Objective: The aim was to summarise the clinical characteristics of mitochondrial encephalomyopathy, lactic acidosis, and stroke-like episodes (MELAS), evaluate patient survival status, and identify prognostic factors.

Methods: This retrospective study enrolled 150 children with MELAS from 07/2004 to 07/2023. The patients were followed up for a median of 3.37 years (IQR: 2.07-6.16 years). Disease burden was assessed using the Newcastle Pediatric Mitochondrial Disease Scale (NPMDS), and Spearman's correlation coefficient was used to analyse factors affecting disease severity. The Kaplan-Meier and Cox proportional methods were used for survival analysis.

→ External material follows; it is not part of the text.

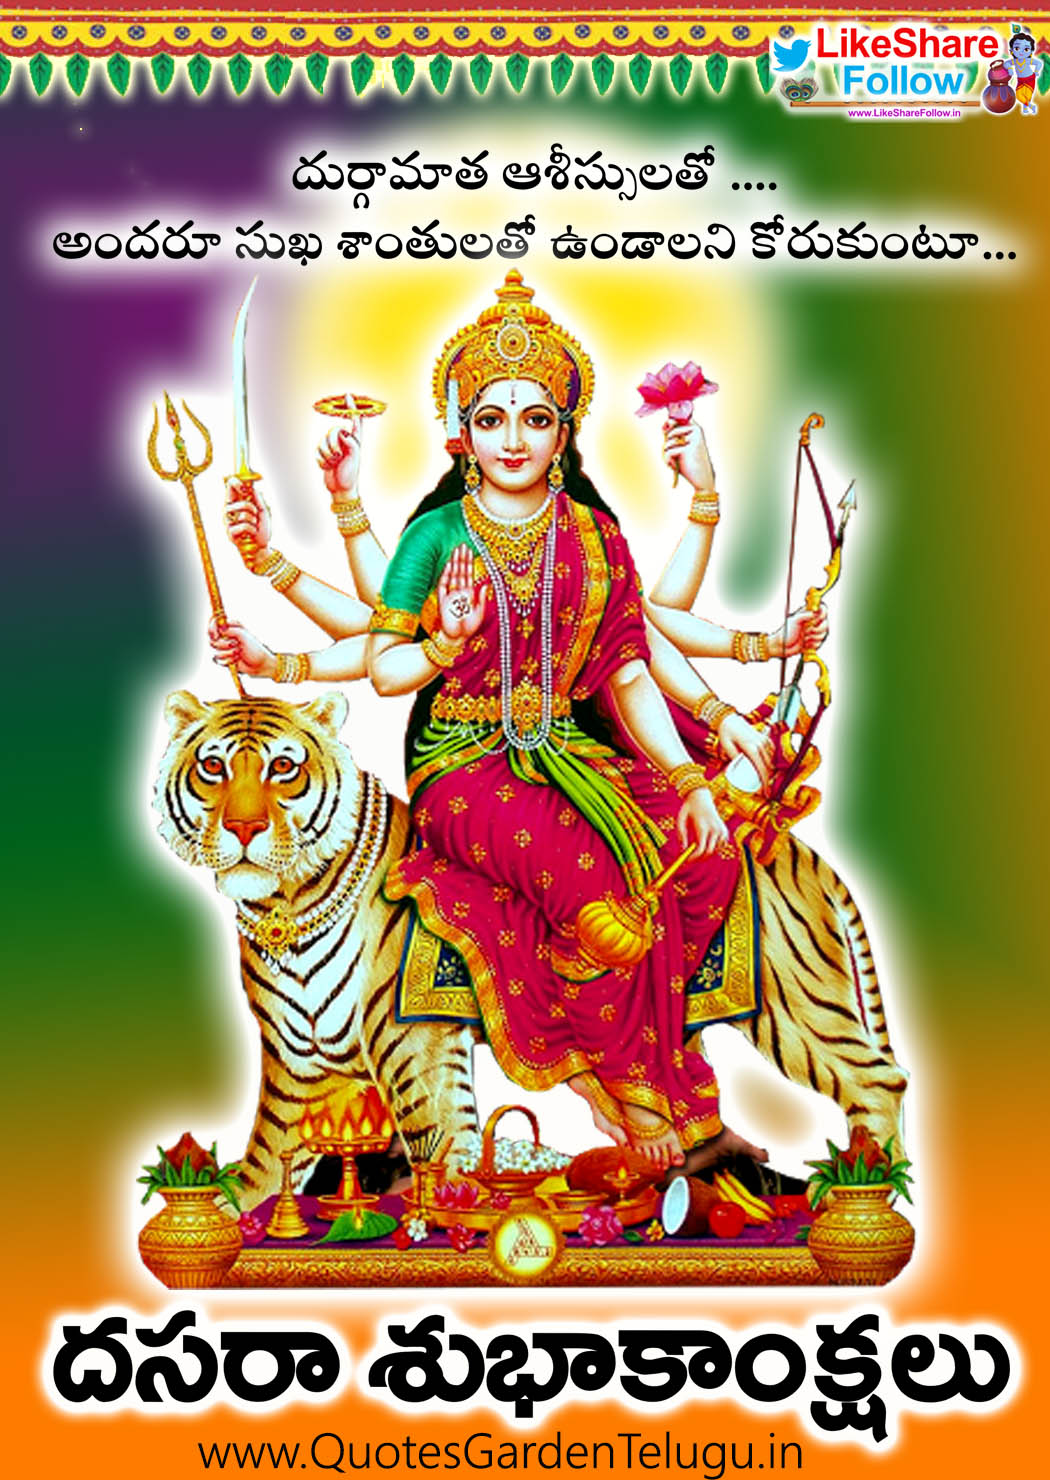 Dasara Greetings 2018 Wishes in Telugu | QUOTES GARDEN TELUGU ...
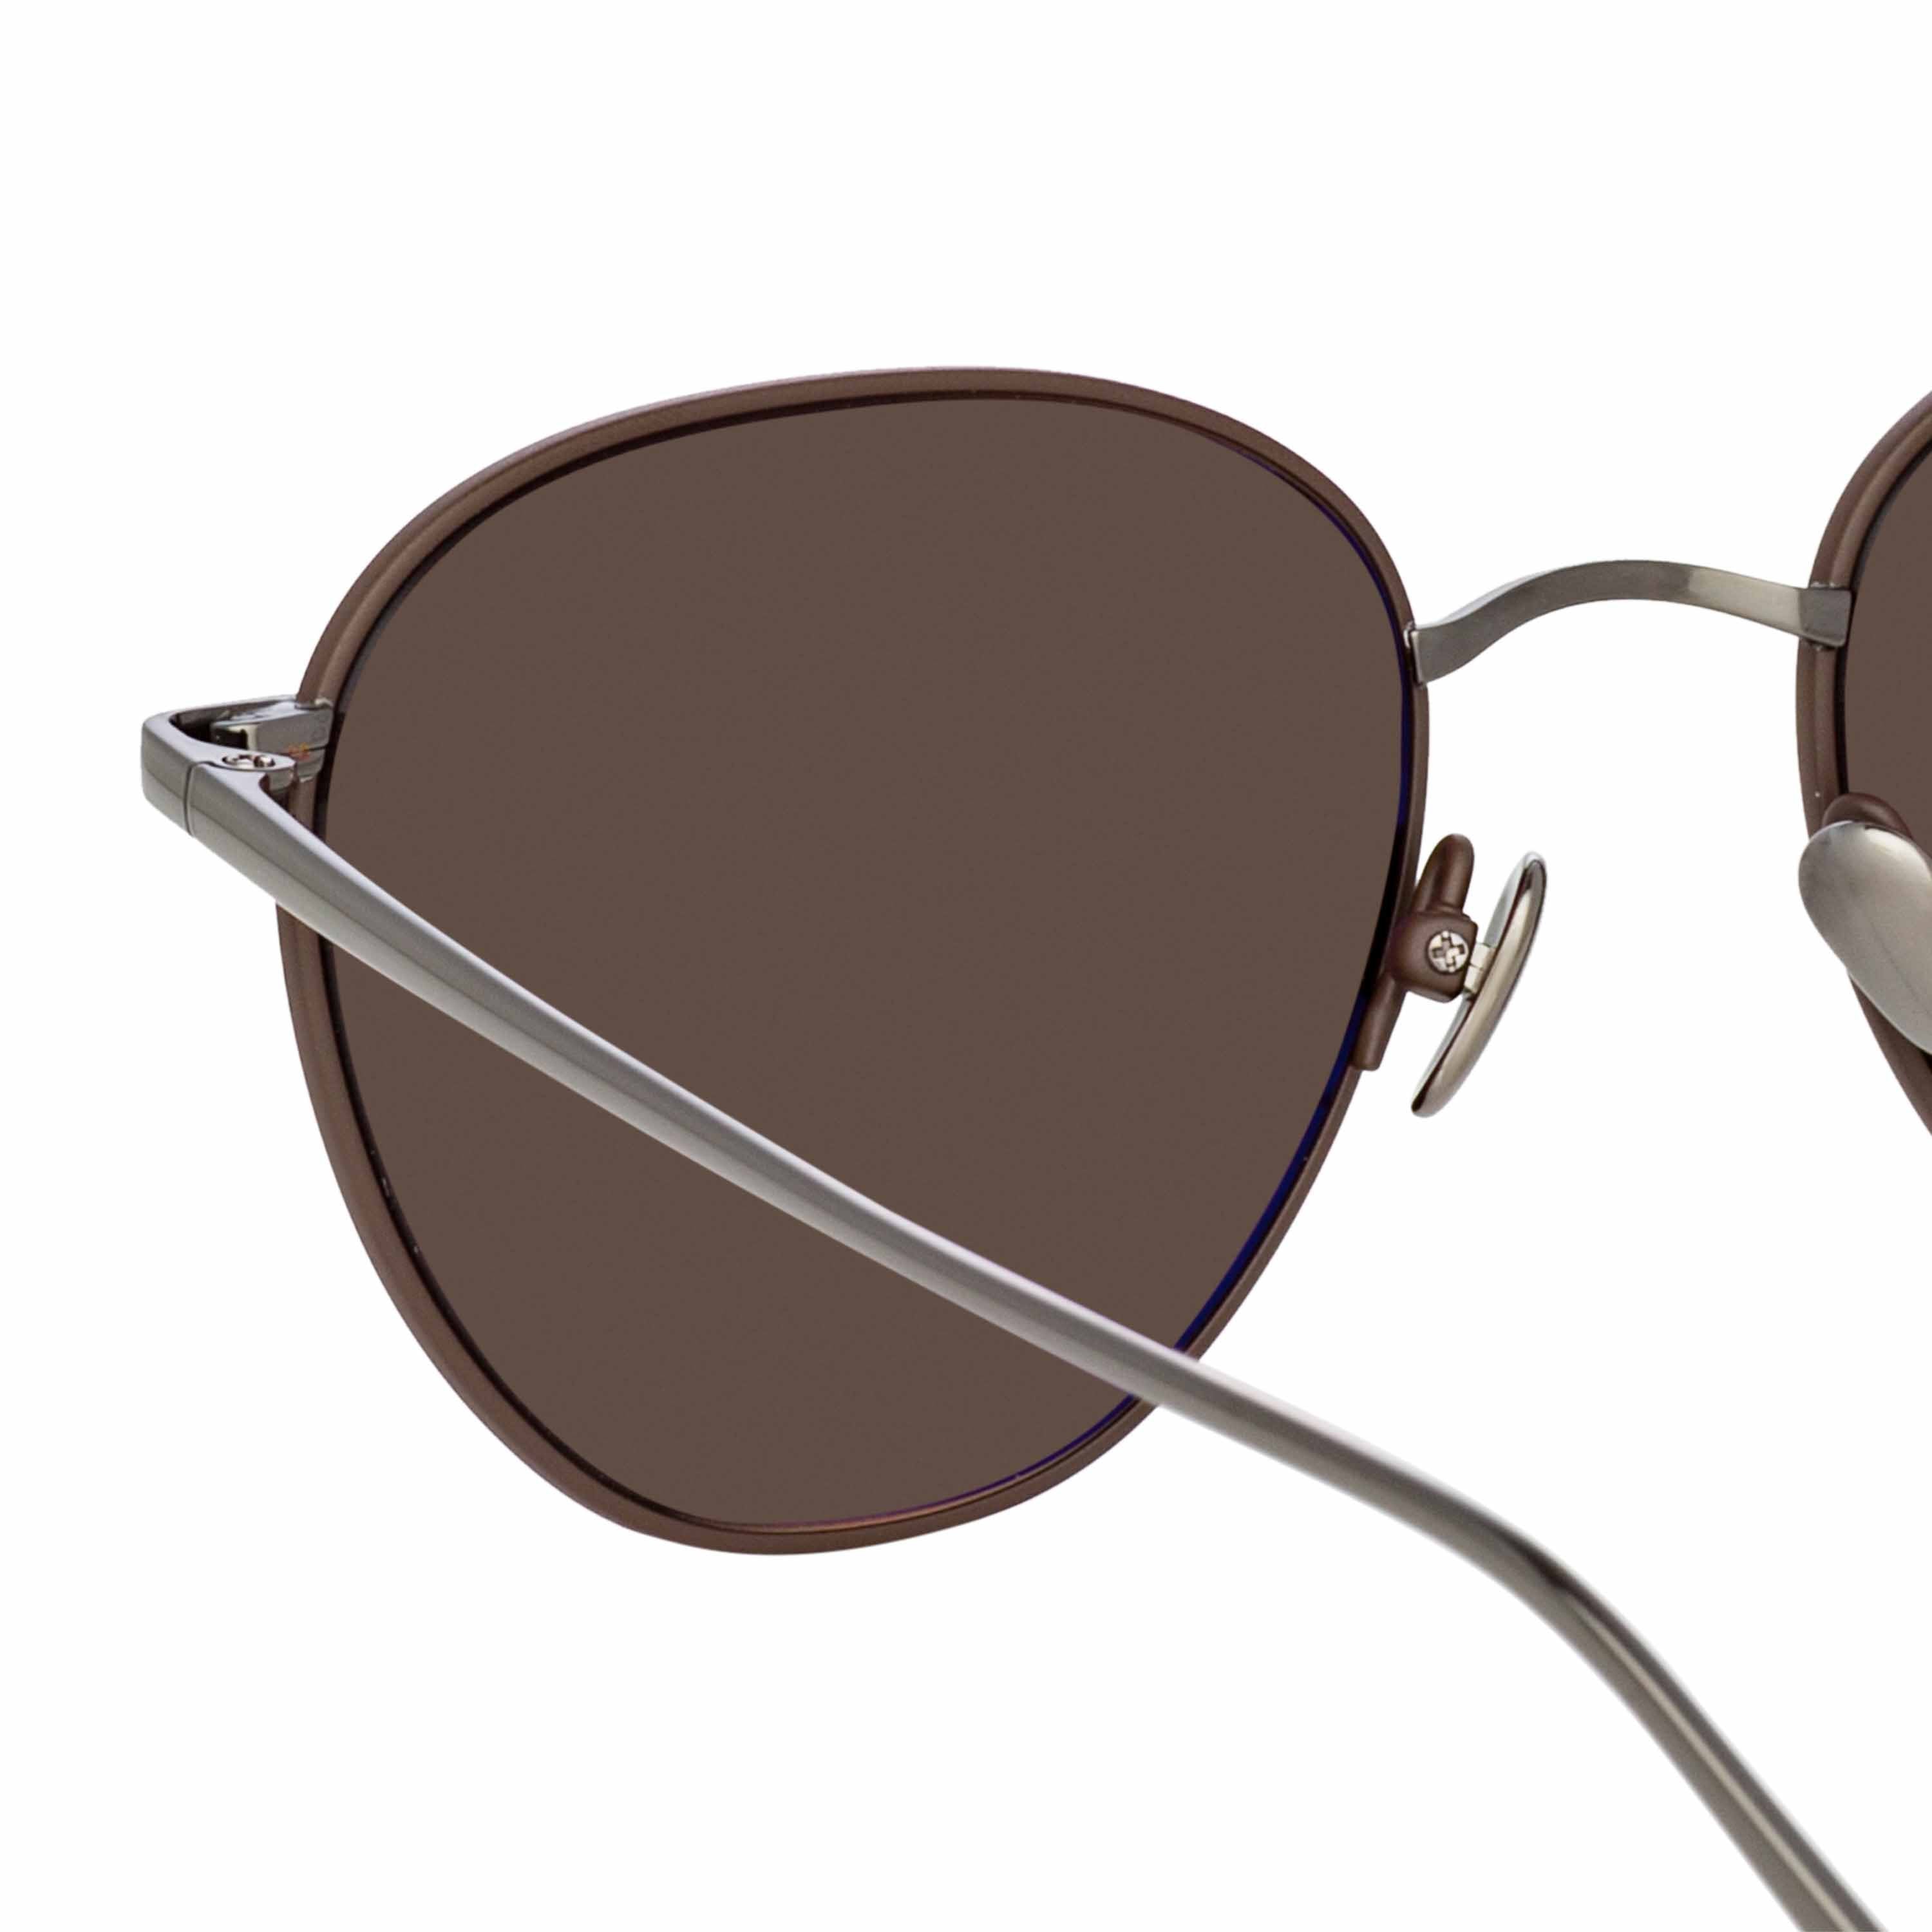 Color_LFL819C27SUN - Raif Square Sunglasses in Nickel and Brown

Results: Overall, 150 patients (73 male) were enrolled, of whom 118 were followed up and 22 died. The mean age at onset was 8.2 years (0.4-15.3), and stroke-like episodes were the most common initial symptoms (54%). Among the surviving patients, 78 completed the NPMDS (mean score: 23.6 ± 6.7 points), and 71.8% (56/78) had moderate-to-severe disease (NPMDS score ≥ 15 points). The NPMDS score was positively correlated with disease duration (r = 0.41, P < 0.001) and negatively correlated with age at onset (r =  -0.26, P < 0.01). Among 48 patients who received long-term oral L-arginine and anti-seizure medications (ASMs), 56.3% (27/48) experienced reductions in seizures and stroke-like episodes. The 10- and 15-year survival rates were 65.3% and 34.5%, respectively. Muscle weakness was an independent risk factor for death (HR = 4.83, 95% CI 1.32-17.68; P = 0.017).

Conclusions: This study had the largest cohort and longest follow-up of pediatric MELAS. Early onset was associated with severe disease, while muscle weakness was associated with a worse prognosis. Early identification and effective management of stroke-like episodes and seizures are crucial to reduce the disease burden.